Otoritas Jasa Keuangan (OJK) mendukung rencana Menteri
Keuangan (Menkeu) Purbaya Yudhi Sadewa untuk menjadikan PT Permodalan Nasional
Madani (PNM) sebagai bank UMKM, selama langkah tersebut berdampak positif bagi
masyarakat, khususnya pelaku UMKM.
Sebagai informasi, PNM merupakan anak usaha dari PT Bank
Rakyat Indonesia (Persero) Tbk (BRI) yang kini menjadi anggota Danantara
Indonesia.
“Intinya kita mendukung saja. Kalau memang itu dirasa bisa
lebih langsung untuk dirasakan manfaatnya untuk masyarakat, kita mendukung
saja,” kata Ketua Dewan Komisioner OJK Friderica Widyasari Dewi menjawab
pertanyaan wartawan usai acara Outlook Indonesia di Jakarta, Selasa.
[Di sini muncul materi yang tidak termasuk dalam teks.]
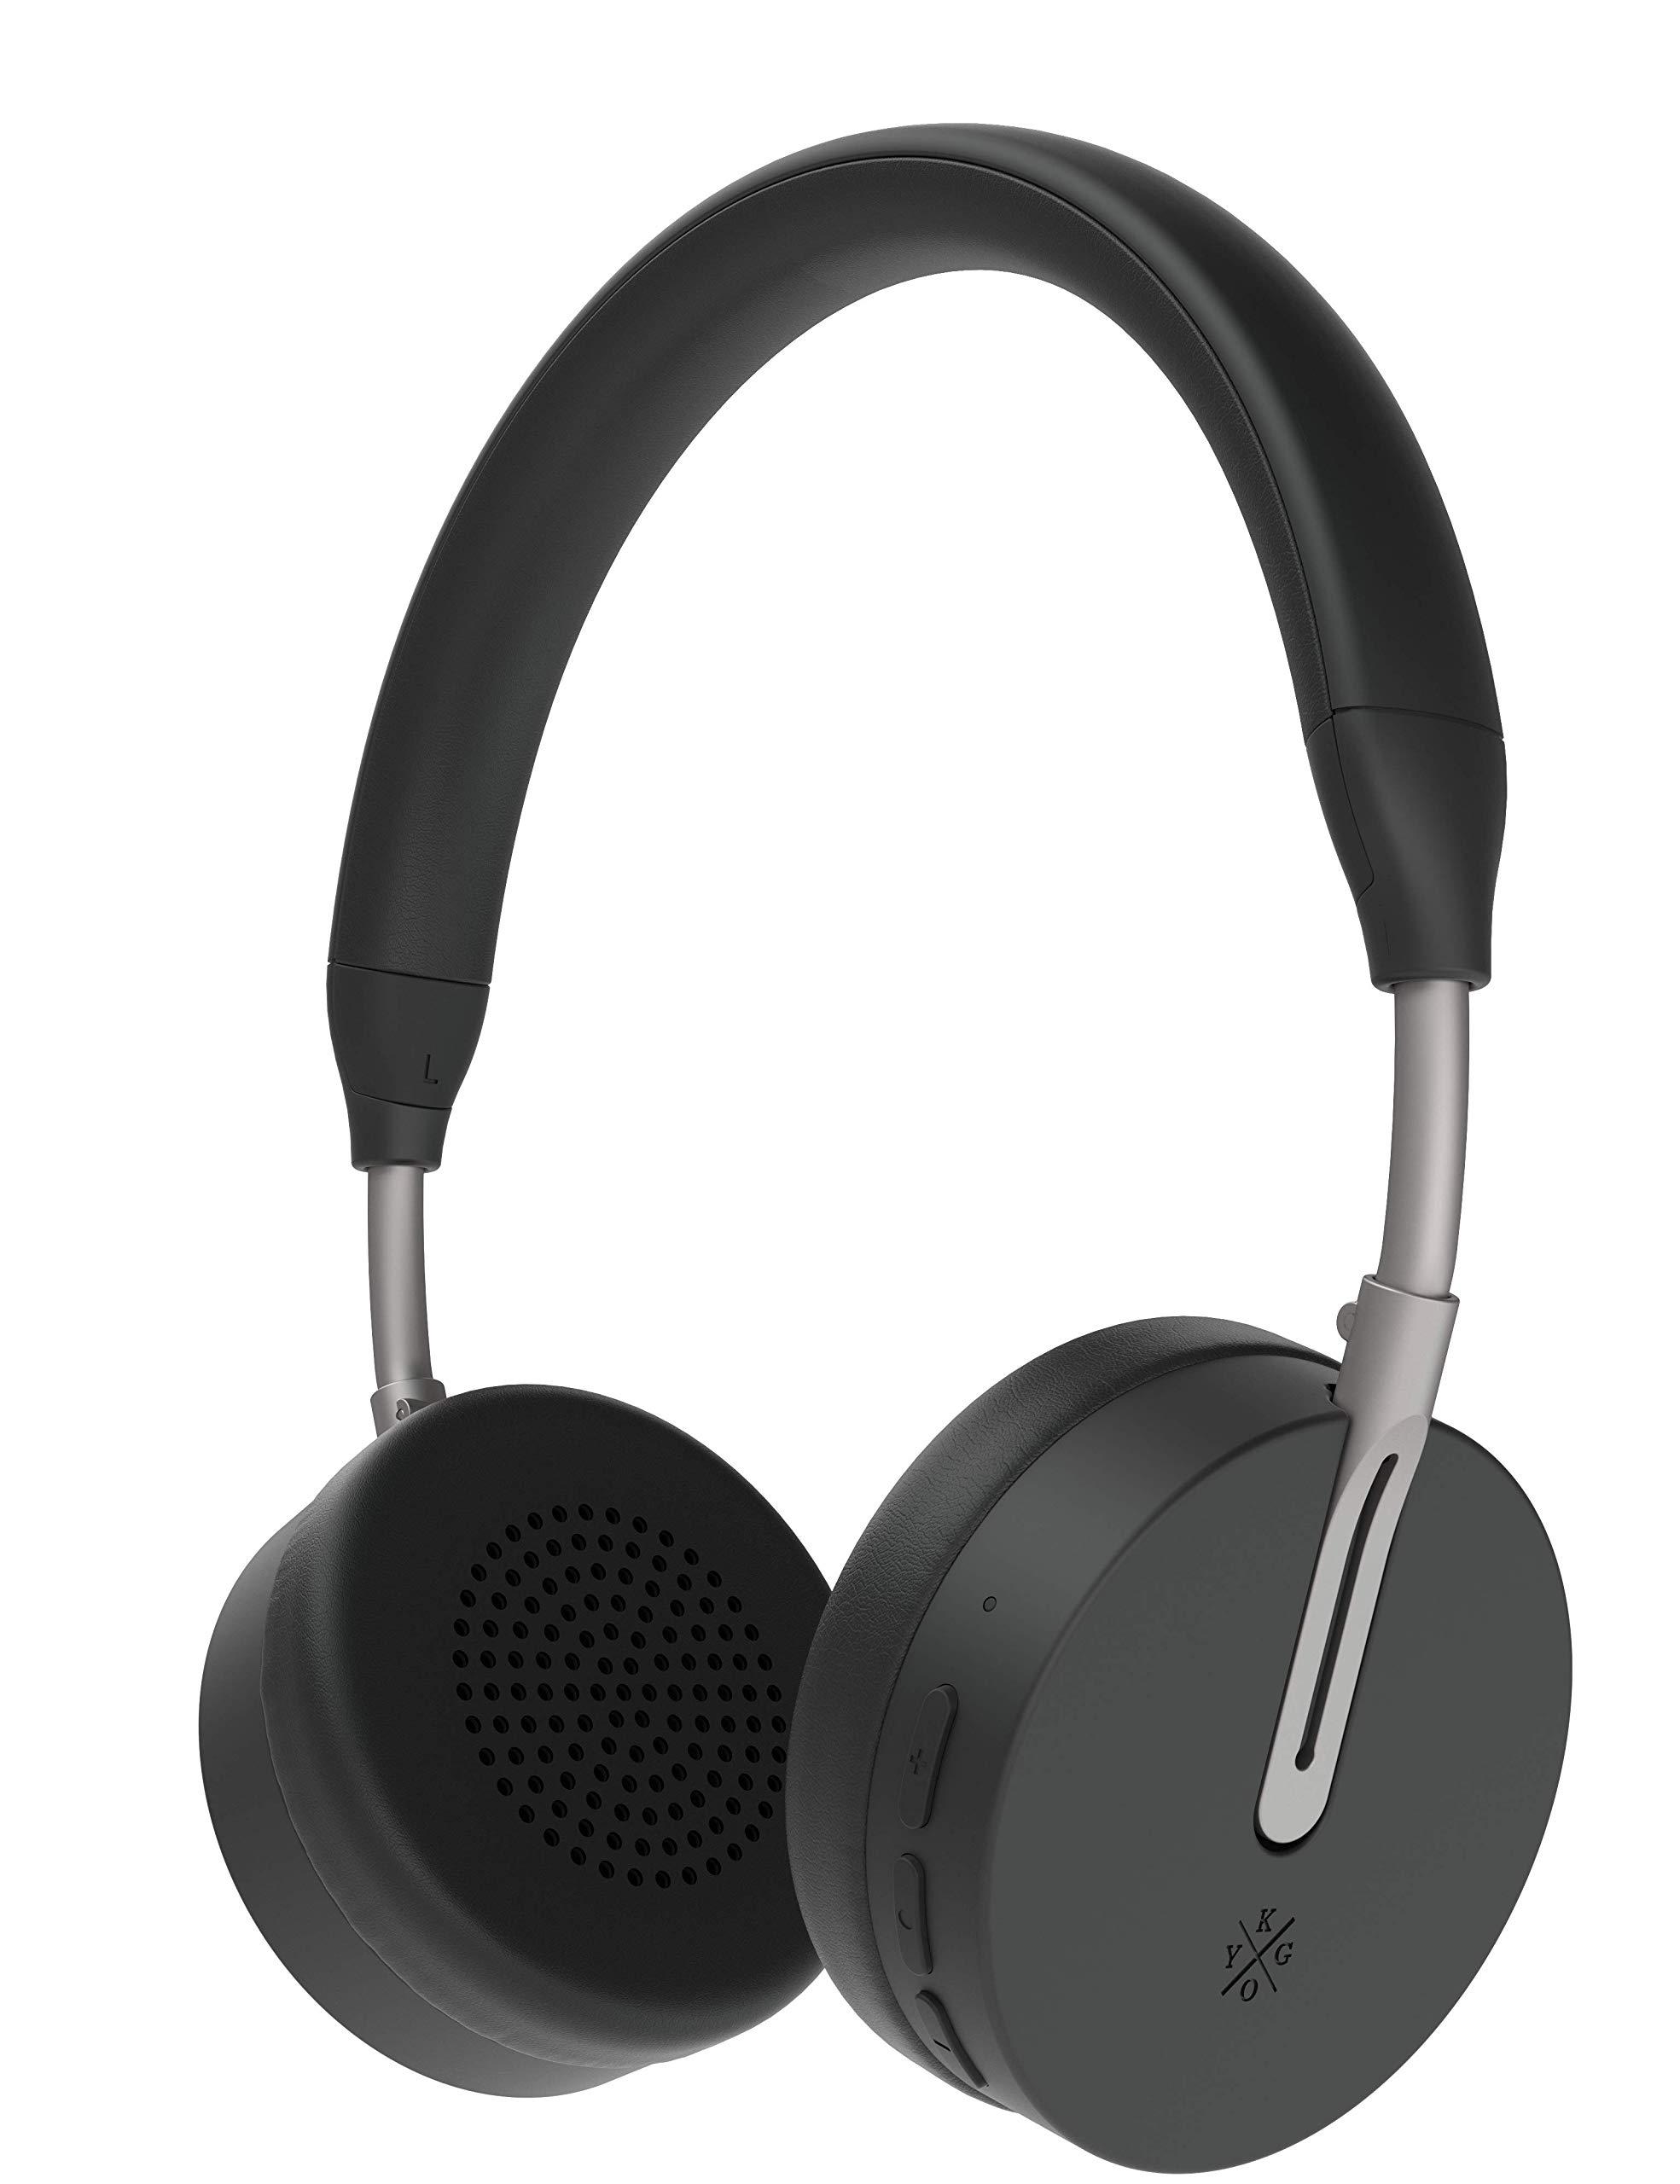 Amazon Com Kygo Life A6 500 On Ear Bluetooth Headphones Aptx And Aac Codecs Built In Microphone Nfc Pairing Memory Foam Ear Cushions 18 Hours Playback Kygo Sound App Pro Line Black Electronics

Friderica atau akrab disapa Kiki juga menegaskan bahwa peran
OJK tetap pada aspek pengaturan dan pengawasan terhadap lembaga jasa keuangan,
termasuk PNM yang selama ini berada dalam lingkup pengawasannya.
Pengawasan tersebut mencakup aspek prudensial guna
memastikan kepatuhan terhadap ketentuan yang berlaku, sehingga operasional lembaga
tetap sehat dan terjaga.
Selain itu, OJK turut mengawasi aspek market conduct,
mengingat PNM berhubungan langsung dengan masyarakat, termasuk dalam hal
pelindungan konsumen.
“OJK mendukung, men-support dalam hal pengawasan supaya
lembaga-lembaga jasa keuangan termasuk dalam hal ini PNM bisa bekerja sesuai
dengan ketentuan peraturan yang ada dan sebagainya,” kata Kiki.
Diberitakan sebelumnya, Menteri Keuangan (Menkeu) Purbaya
Yudhi Sadewa menuturkan bahwa pihaknya kini tengah mengajukan usulan kepada
Badan Pengelola Investasi Daya Anagata Nusantara (BPI Danantara Indonesia)
untuk mengambil alih pengelolaan PT Permodalan Nasional Madani (PNM).
“Saya sedang propose (mengajukan) ke Danantara, (agar) PNM
kasih ke kami (Kementerian Keuangan). PNM Madani itu kasih ke kami, nanti kami akan
jadikan PNM itu penyalur KUR (Kredit Usaha Rakyat),” kata Purbaya usai
menghadiri Rapat Kerja Komisi XI DPR RI di Jakarta, Senin (6/4).
Purbaya berencana menjadikan PNM sebagai anak usaha di salah
satu Special Mission Vehicle (SMV) Kementerian Keuangan, seperti PT Sarana
Multi Infrastruktur (SMI) atau Pusat Investasi Pemerintah (PIP).
Rencana akuisisi PNM tersebut diajukan sebagai salah satu
solusi untuk memperlancar penyaluran KUR.
Menurut Purbaya, banyak laporan dari para pelaku UMKM yang
kesulitan untuk mendapatkan layanan kredit murah tersebut.
Selain itu, ia juga menyoroti adanya kebutuhan biaya yang
cukup tinggi dalam penyaluran KUR melalui perbankan.
"Kalau KUR yang (disalurkan) lewat bank-bank itu kan
kami bayar bunga tuh sampai 18 persen. Uangnya hilang (terpakai untuk membayar
bunga), setiap tahun sekitar Rp40 triliun,” ujar Purbaya.
Jika KUR disalurkan melalui PNM sebagai anak usaha dari
salah satu SMV Kementerian Keuangan, dana senilai Rp40 triliun tersebut dapat
dijadikan modal untuk mentransformasikan BUMN tersebut menjadi bank UMKM.
Purbaya berharap dapat menjadikan PNM sebagai bank besar
bermodalkan Rp200 triliun dalam kurun waktu 5 tahun.